● **YOUR TASK**
Return all the data below as it stands, minus the pictures.

● **DATA EXCERPT**

╭──

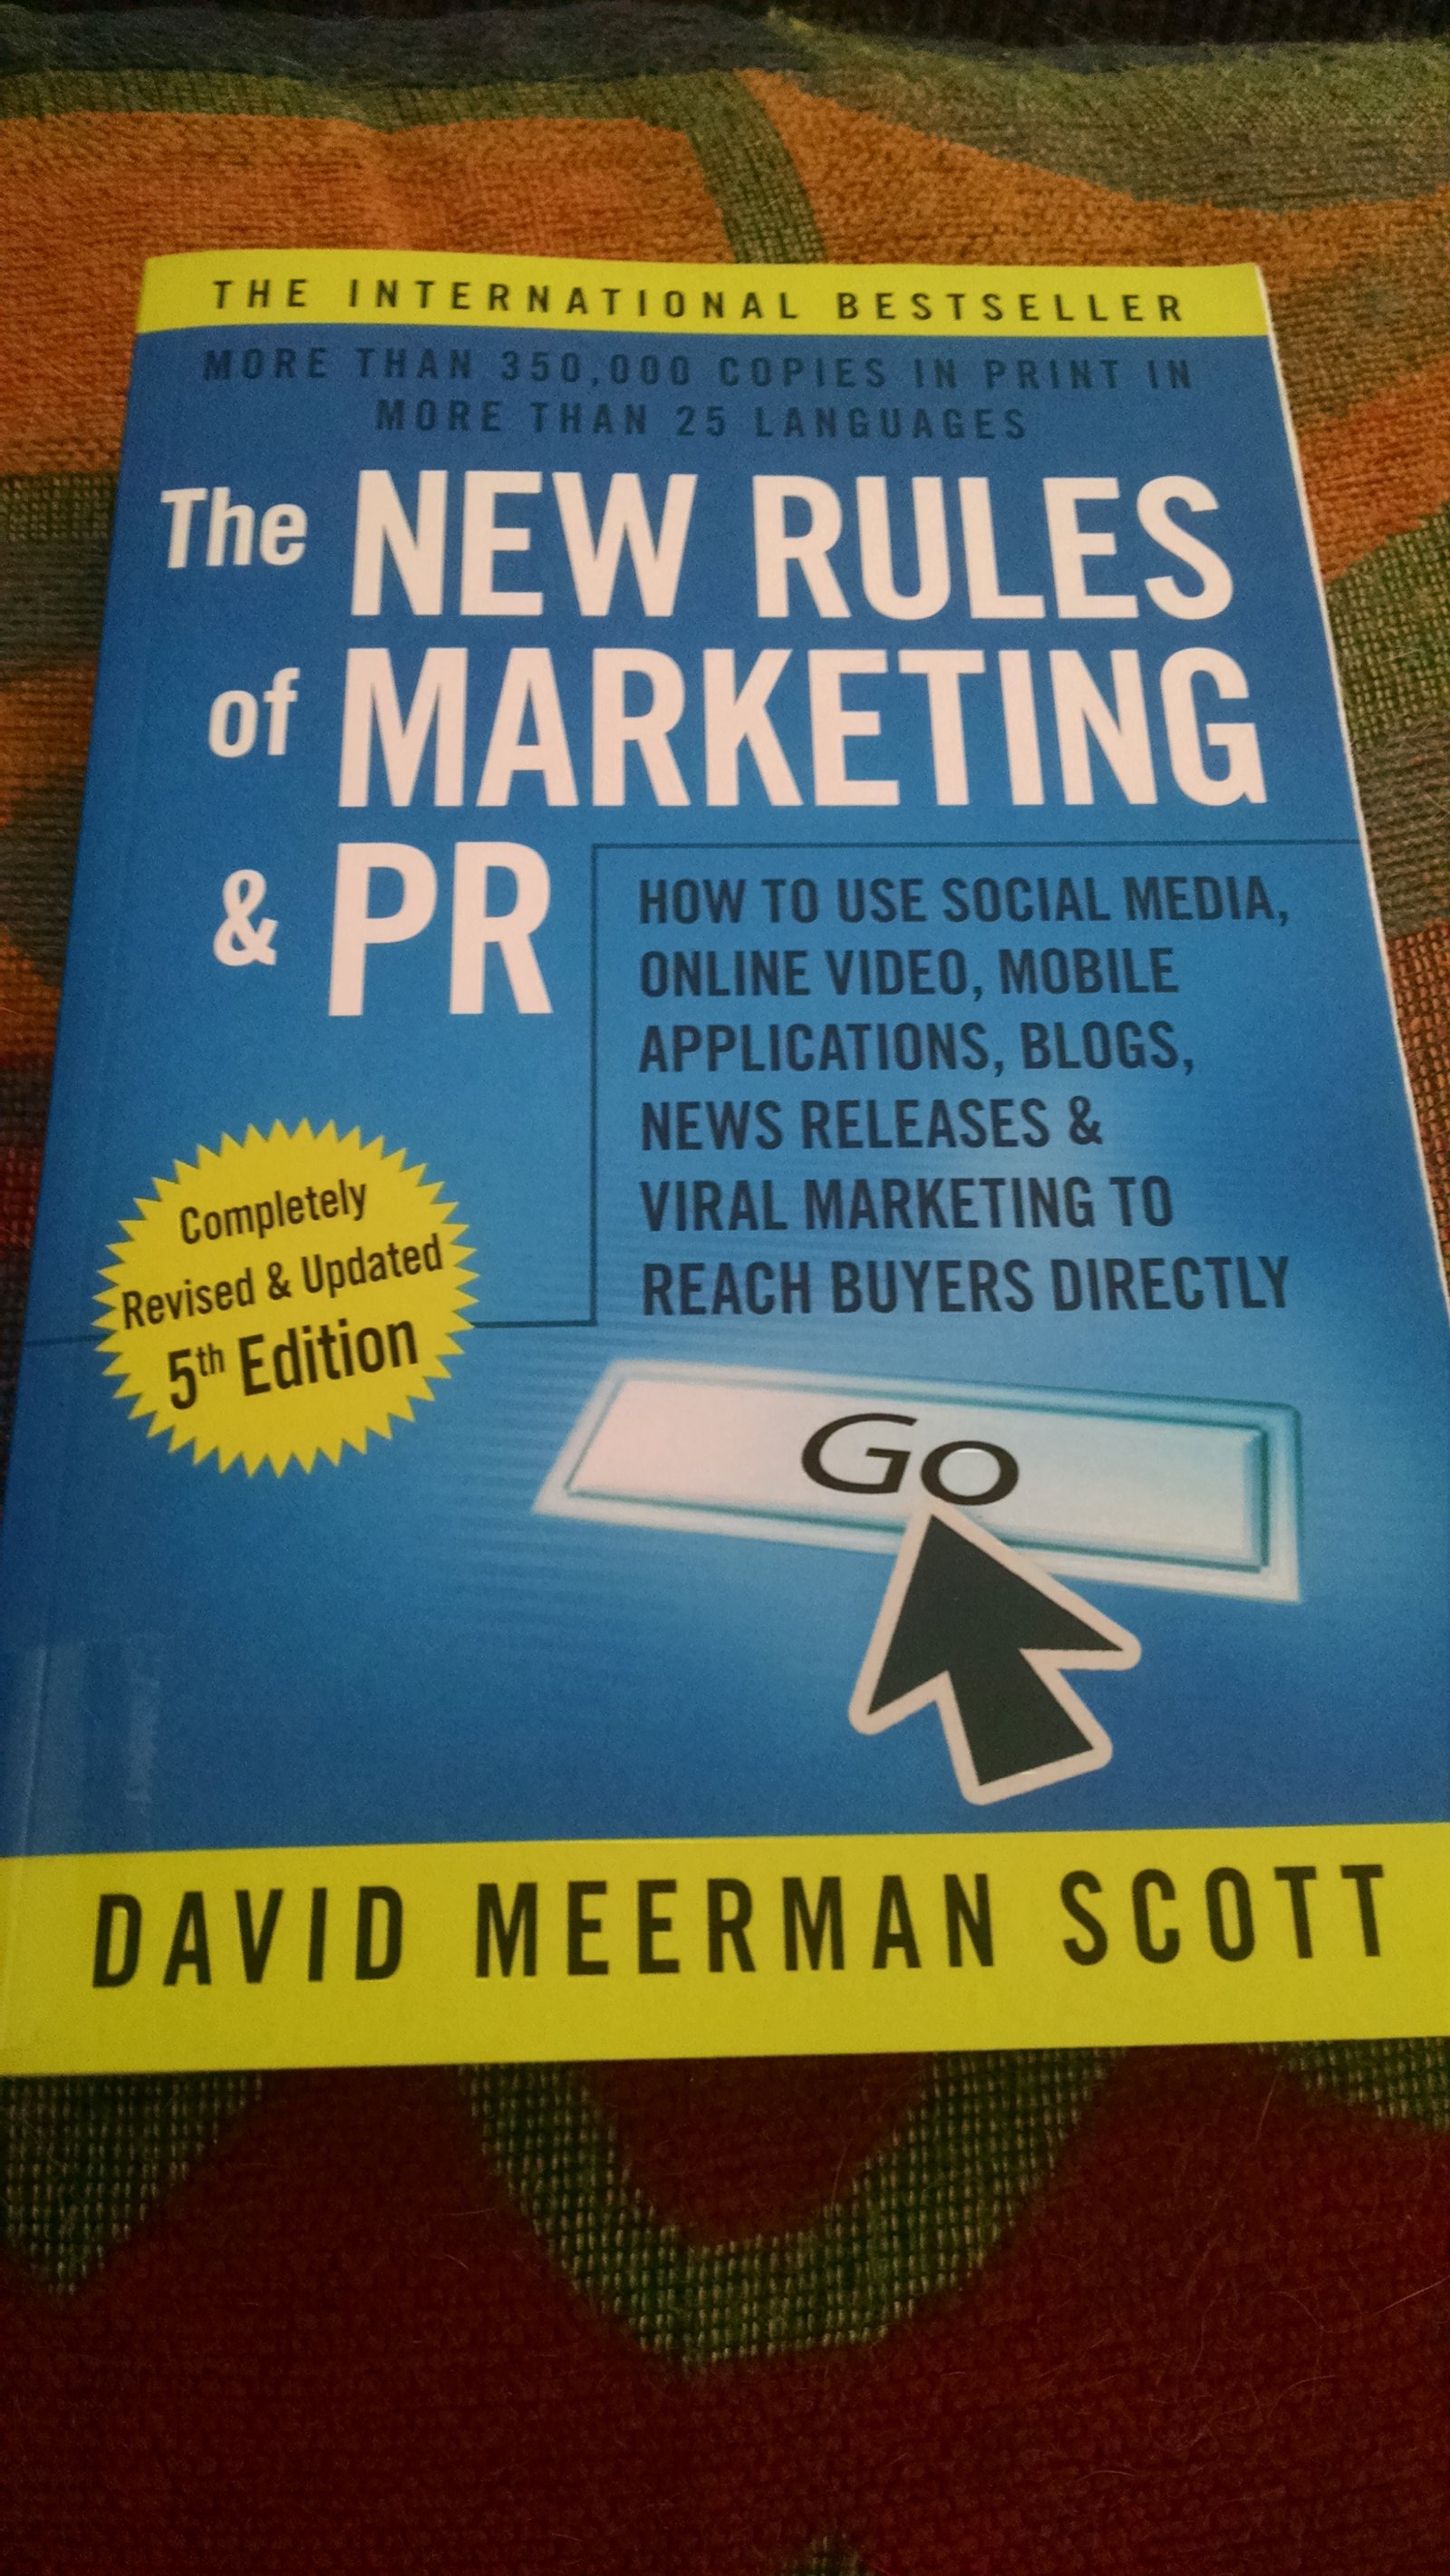 Just Got “The New Rules of Marketing & PR” Book
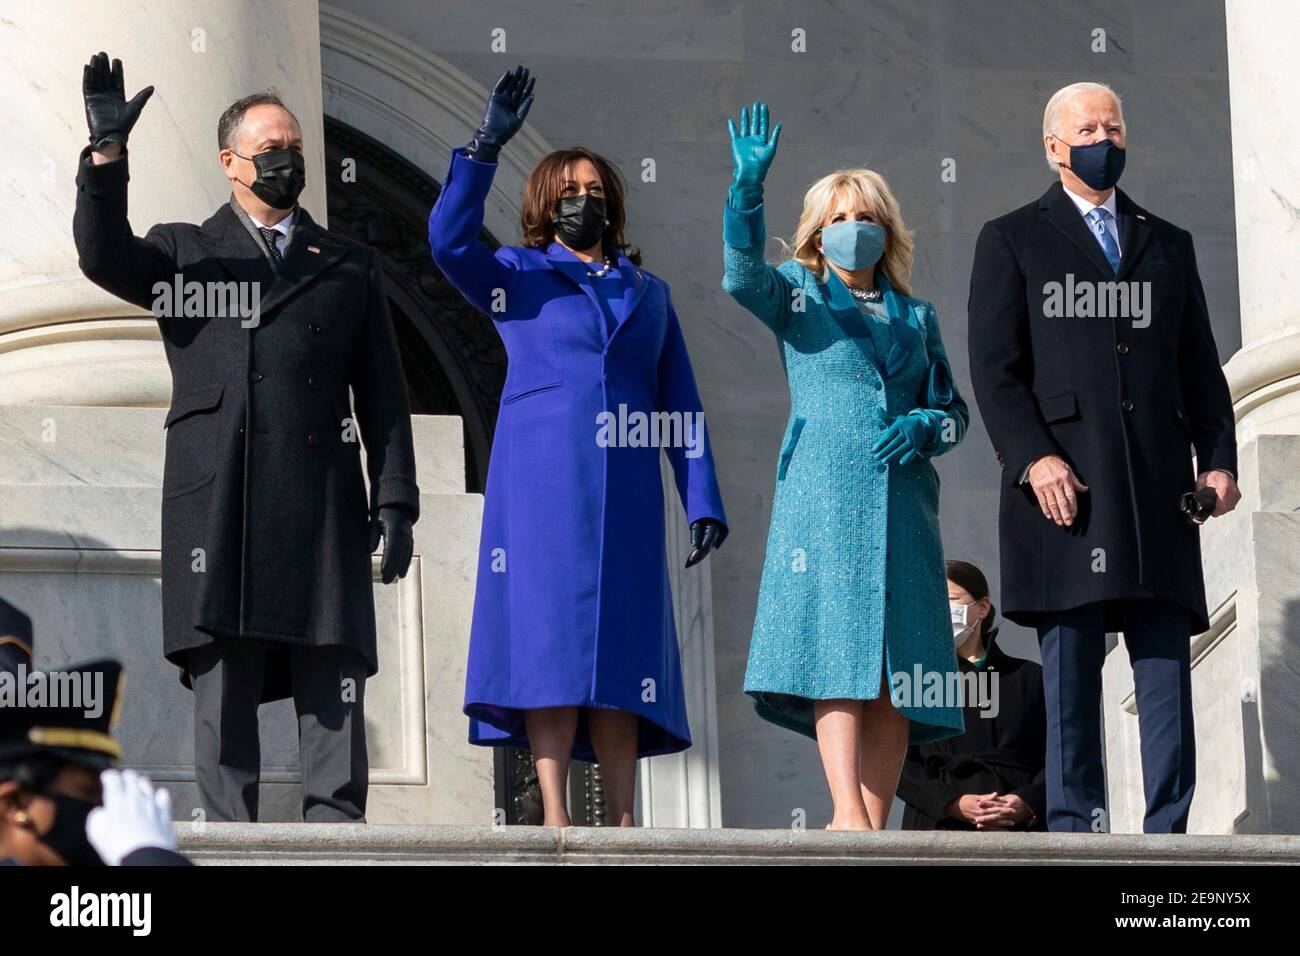 U.S President elect Joe Biden and Vice President elect Kamala Harris wave from the capitol steps as they arrive for Inauguration Day January 20, 2021 in Washington, DC. Standing from left to right are: Doug Emhoff, Vice President-elect Kamala Harris, Dr. Jill Biden and President-elect Joe Biden. Stock Photo
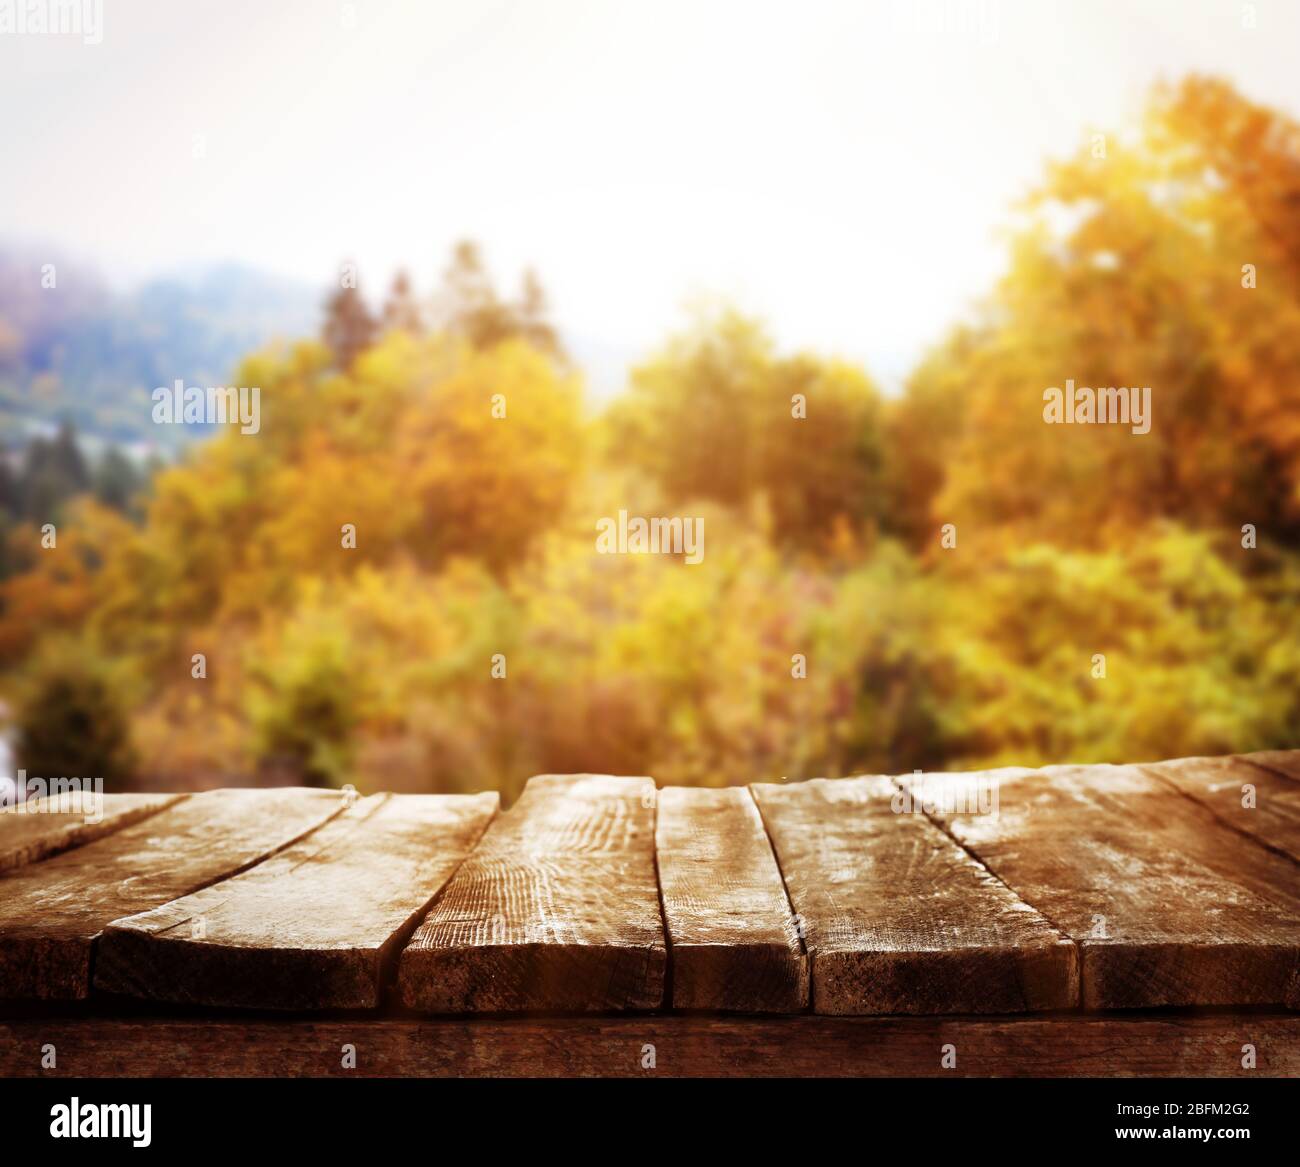 Beautiful nature background with wooden floor Stock Photo - Alamy

╰──

● **SOLUTION**
 Just Got “The New Rules of Marketing & PR” Book
 U.S President elect Joe Biden and Vice President elect Kamala Harris wave from the capitol steps as they arrive for Inauguration Day January 20, 2021 in Washington, DC. Standing from left to right are: Doug Emhoff, Vice President-elect Kamala Harris, Dr. Jill Biden and President-elect Joe Biden. Stock Photo
 Beautiful nature background with wooden floor Stock Photo - Alamy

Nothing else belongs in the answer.